The researchers propose a formulation using Laplace eigenfunctions of an impermeable medium to represent permeable diffusion. This mechanism allows the signal to be calculated efficiently across varying permeability coefficients, unlike traditional methods that require re-solving the Bloch-Torrey equation for every unique parameter value.

The authors utilize the Bloch-Torrey partial differential equation as the foundational framework. While the researchers propose using impermeable Laplace eigenfunctions for the basis, they compare this to the original formulation that accounts for permeability directly at the interface.

A full eigendecomposition is necessary to prove the theoretical equivalence between the new formulation and the original model. The researchers propose that this completeness ensures the accuracy of the signal representation, whereas a partial eigendecomposition serves as a computationally efficient approximation.

The researchers propose that the impermeable Laplace eigenfunctions act as a fixed basis set.
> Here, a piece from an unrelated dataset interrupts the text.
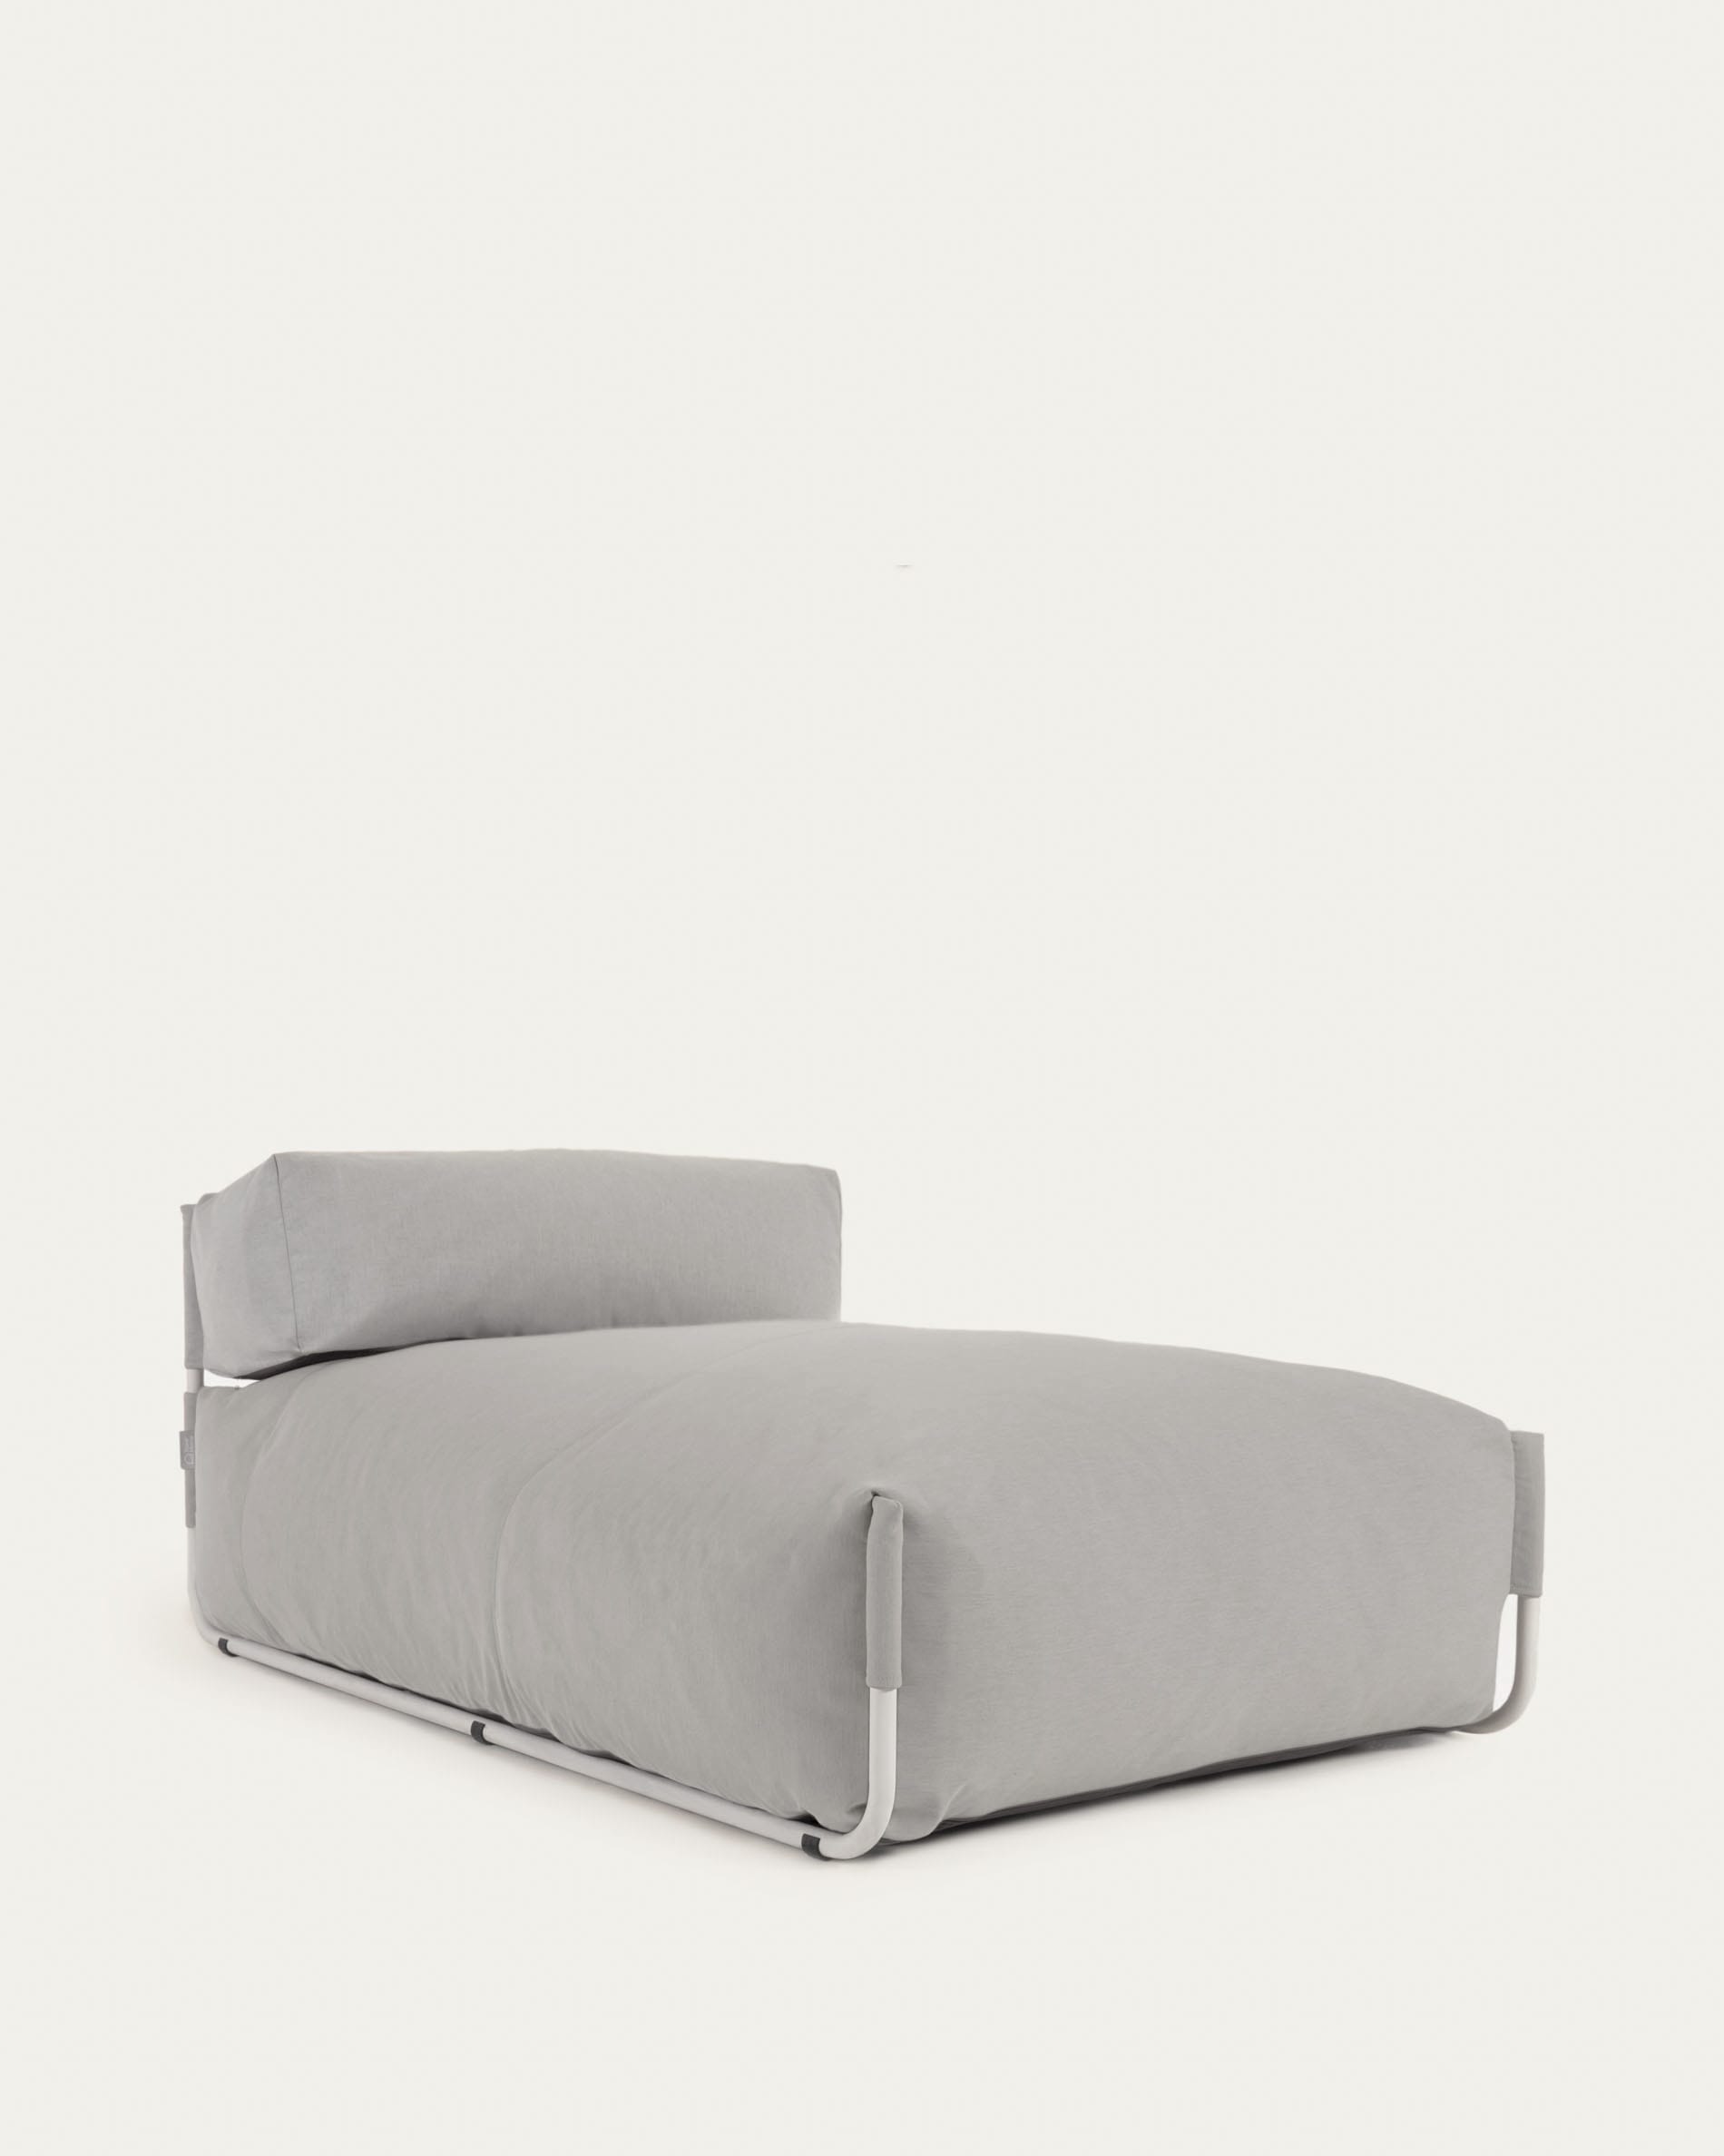 Square chaise longue pouffe with backrest in light grey with white aluminium, 165 x 101 cm

This role enables the model to remain valid for any permeability value, contrasting with previous techniques that required updating the basis set whenever the membrane properties changed.

The authors illustrate numerical validity by applying their method to two distinct diffusion MRI sequences. They compare the results of their new formulation against the original approach to demonstrate that the model accurately captures signal behavior across different gradient configurations.

The researchers propose that this approach significantly reduces computational time. They claim this improvement enables future studies to systematically analyze the effects of permeability coefficients on imaging signals, which was previously hindered by the high cost of repeated simulations.